Einst verschlug es mich aus beruflichen Gründen zu einem André-Rieu-Konzert. Zu drei Konzerten im Laufe der Jahre, um genau zu sein, aber ich bin inzwischen darüber hinweg, ehrlich. Bei jenem ersten Konzert jedenfalls lag auf jedem Platz in der ausverkauften Münchner Olympiahalle ein Plastikbehälter mit Wasser. In meiner grenzenlosen Naivität hielt ich das für eine Vorsichtsmaßnahme, auf dass die alten Herrschaften nicht dehydrieren und vor lauter Aufregung reihenweise umkippen mögen. Mein Irrglaube hielt sich nur bis zu dem Moment, da André Rieu das Publikum aufforderte, nun das Wasser zu öffnen und ein Lied mitzugurgeln. Es dürfte der Donauwalzer gewesen sein oder auch „Die Julischka aus Budapest“, was man eben so spielt, wenn man André Rieu ist.

Die Menschen gurgelten, lachten, spuckten das Wasser quer durch die Halle und bewiesen auf beeindruckende Weise, wie stabil dritte Zähne heutzutage im Mund halten. An diesem Punkt schaute ich an mir herunter, um zu überprüfen, ob ich eine Hose trug. Wenn nein, hätte es meine Vermutung bestätigt, mich in einem Albtraum zu befinden. Aber ich trug eine Hose, und die Wasserspritzer darauf waren ganz real.

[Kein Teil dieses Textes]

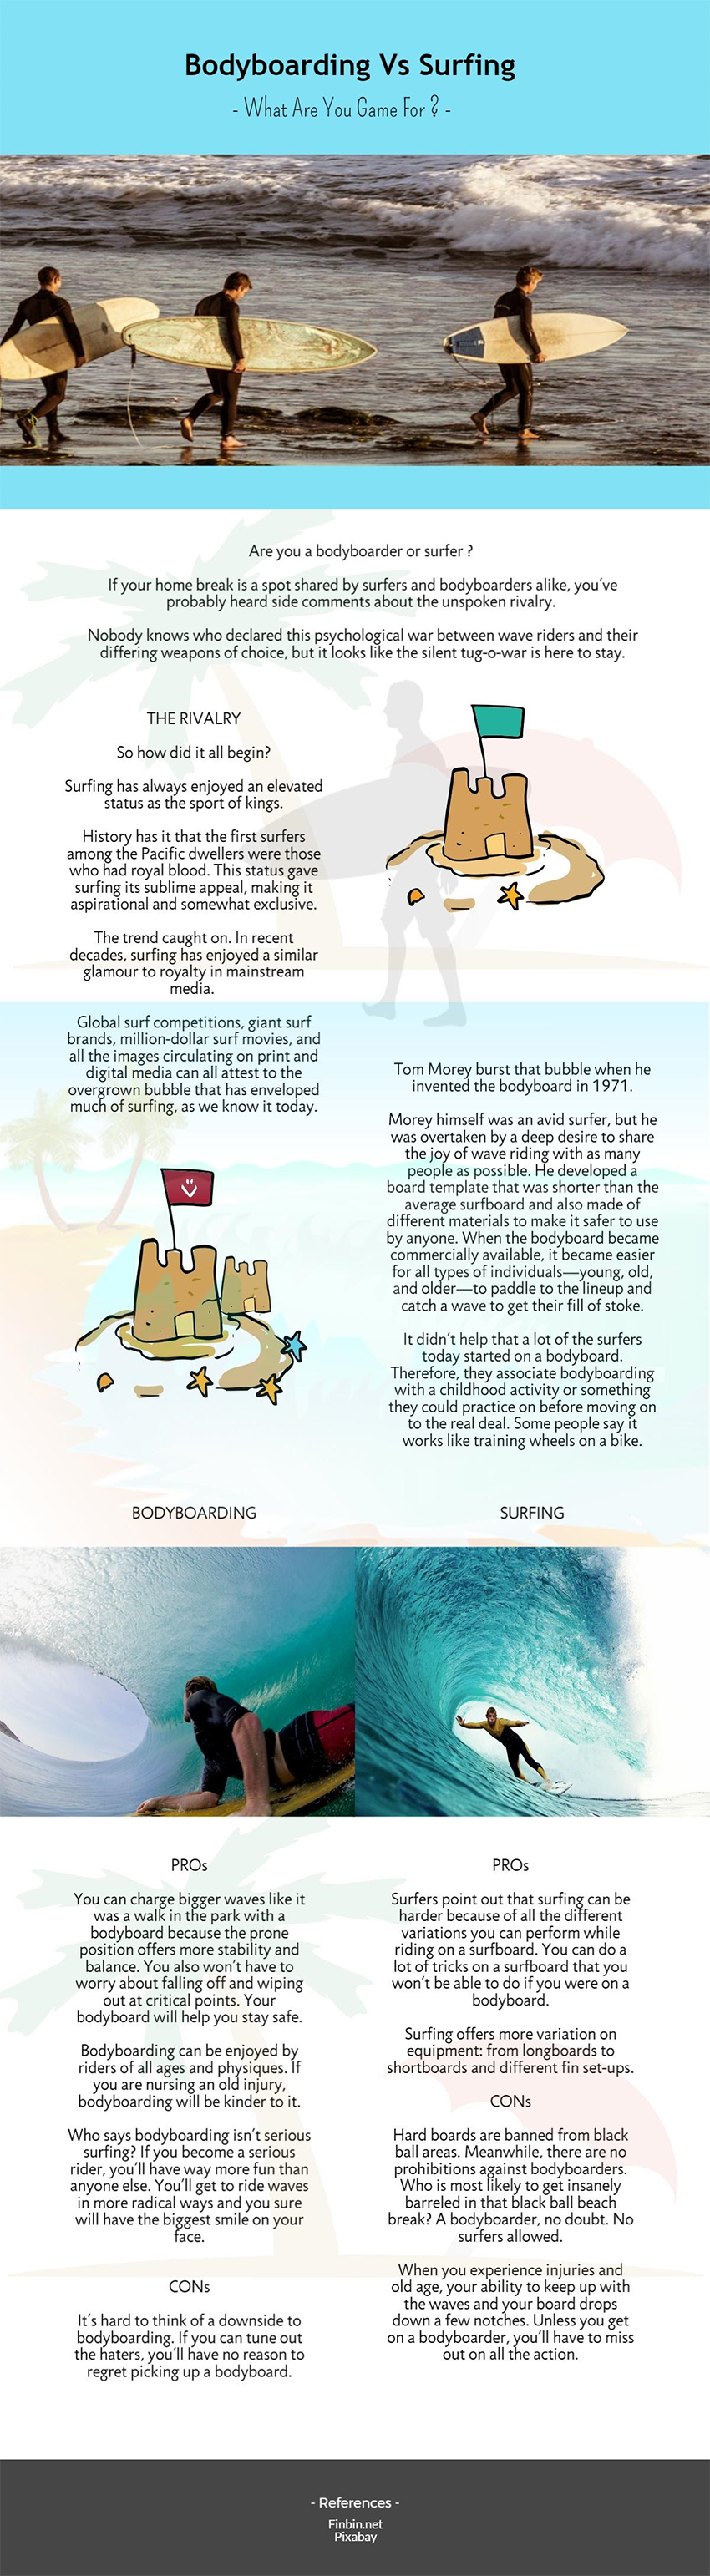 Bodyboarding vs Surfing infographic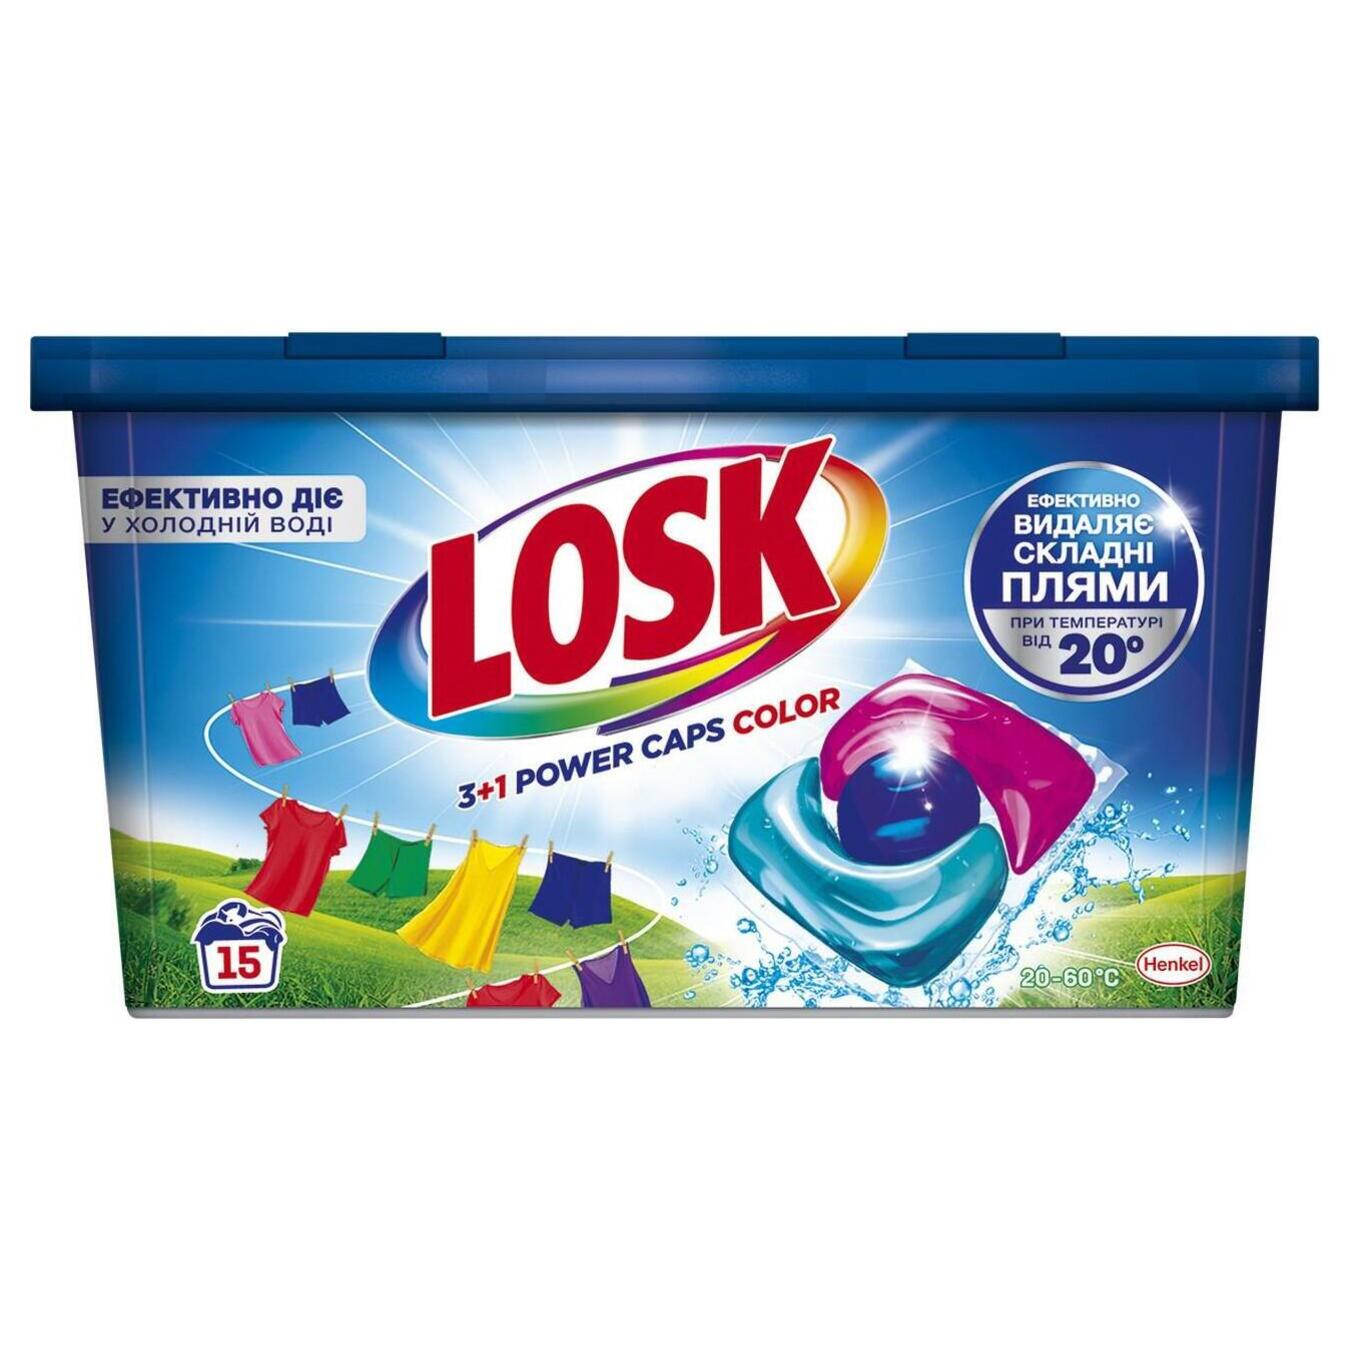 Capsules for washing Losk trio-capsules Color 15 pcs

Mit dieser posttraumatischen Belastungsstörung am Beltz-Stand zum fröhlichen Gurgeln aufzuschlagen, war riskant. Aber das Drama war fast vorbei, ehe es begonnen hatte. Verlegerin Marianne Rübelmann (ja, hier gurgelt die Chefin noch selbst) gurgelte „Heidi“ so ladylike, dass kein Tropfen Wasser ihren Mund verließ. Die Einlage von Moderator André Gatzke darf man sich eher vorstellen wie die muntere Dusche eines Elefanten am Wasserloch. Dann gab es Häppchen und „Freddie Freeloader“ von einer Liveband. Immerhin keinen Donauwalzer. Sicher gab es total gute Gründe, warum der Quatsch vorher sein musste. Jedenfalls wollen wir das jetzt einfach mal annehmen.